*Division of Colorectal Surgery, Department of Surgery, University Hospitals-Case Medical Center, Cleveland, OH †Biostatistics, Healthcare Economics & Outcomes Research, Mansfield, MA ‡Division of Colorectal Surgery, Department of Surgery, Keck School of Medicine of The University of Southern California, Los Angeles.
Ann Surg. 2014 Jun;259(6):1119-25. doi: 10.1097/SLA.0b013e3182a6f45e.
To develop a measurement tool based on HospitAl stay, Readmission, and Mortality rates (HARM) score, which is easily calculated from routine administrative data. Secondary goals were to validate the HARM score on a national inpatient sample.

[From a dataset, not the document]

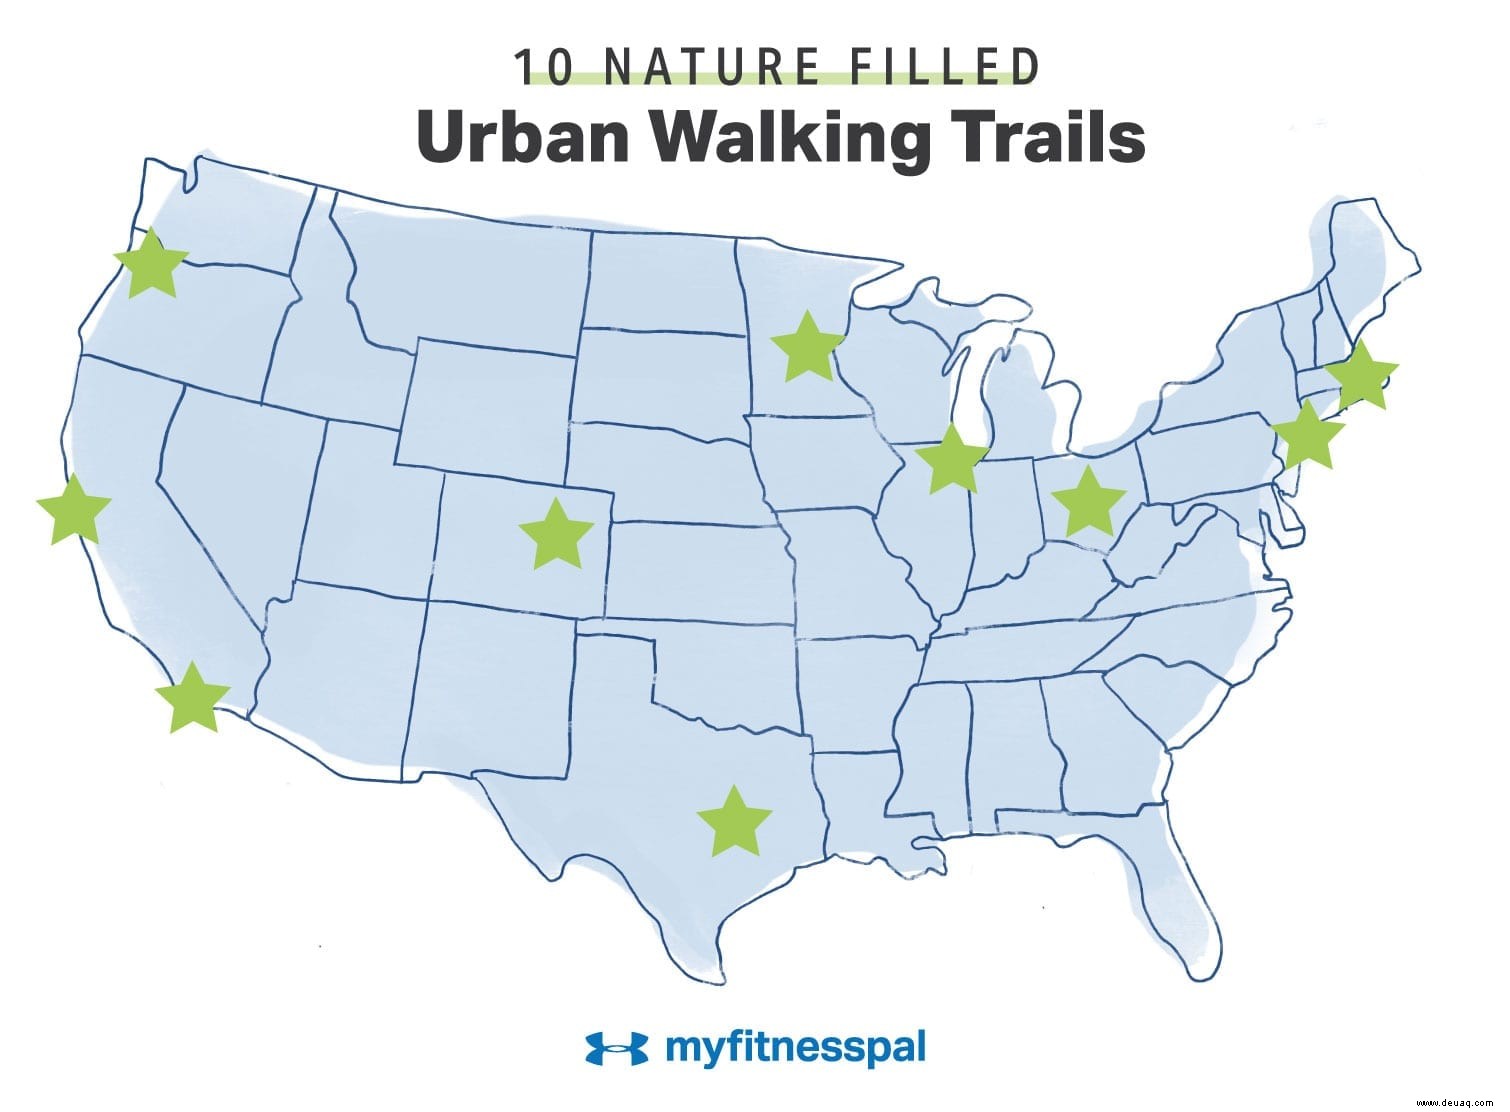 10 naturbelassene Stadtwanderwege in den USA

Concerns about patient safety, quality, and health care costs have increased demand for outcome measurement. Performance metrics such as Surgical Care Improvement Project and National Surgical Quality Improvement Program have been described, but they require significant personnel and expenses to maintain.
A national inpatient database was reviewed for all colectomy discharges from 2010 to 2011. Cases were stratified into emergent and elective. For each discharge, a 1 to 10 score was calculated on the basis of length of stay, vital status, and 30-day readmissions. The HARM score was correlated to the complication rate to test validity, and bootstrapping was used to test reliability.
A total of 81,622 colectomy discharges were evaluated: 44% emergent and 56% elective. The mean HARM score was 3.04 (SD = 0.57) for emergent and 2.64 (SD = 0.65) for elective cases. For hospitals with a HARM score of less than 2, 2 to 3, 3 to 4, and 4+, the mean complication rates were 30.3%, 41.9%, 49.3%, and 56.6% (emergent) and 15.2%, 18.2%, 24.0%, and 35.6% (elective), respectively. Pearson correlation coefficients for the mean score and the complication rate were 0.45 (P < 0.01) for elective and emergent cases. Bootstrapping correlation demonstrated reliability for emergent and elective cases.
The HARM score is easy, reliable, and valid for assessing quality in colorectal surgery. It may provide a low-cost solution for comparative quality assessment in surgery focused on true outlier performance rather than process or clinical outcome metrics alone.
开发一种基于住院时间、再入院率和死亡率(HARM)评分的衡量工具,该工具可通过常规行政数据轻松计算。次要目标是验证该 HARM 评分在全国住院患者样本中的有效性。
对患者安全、质量和医疗保健成本的担忧增加了对结果衡量的需求。已经描述了 Surgical Care Improvement Project 和 National Surgical Quality Improvement Program 等绩效指标,但它们需要大量人员和费用来维持。
回顾了 2010 年至 2011 年所有结直肠切除术出院患者的全国住院患者数据库。病例分为紧急和择期。对于每个出院病例,根据住院时间、生命状态和 30 天再入院率计算 1 到 10 分的评分。HARM 评分与并发症发生率相关以测试有效性,并使用自举法测试可靠性。
共评估了 81622 例结直肠切除术出院病例:44%为紧急,56%为择期。紧急情况下 HARM 评分的平均值为 3.04(SD=0.57),择期病例为 2.64(SD=0.65)。对于 HARM 评分低于 2、2 到 3、3 到 4 和 4+的医院,平均并发症发生率分别为 30.3%、41.9%、49.3%和 56.6%(紧急)和 15.2%、18.2%、24.0%和 35.6%(择期)。Pearson 相关系数为 0.45(P<0.01),用于评估紧急和择期病例的平均评分和并发症发生率。自举相关分析表明,该评分在紧急和择期病例中均具有可靠性。
HARM 评分易于使用、可靠且有效,可用于评估结直肠手术的质量。它可以为外科手术的质量评估提供一种低成本的解决方案,侧重于真正的离群值绩效,而不仅仅是过程或临床结果指标。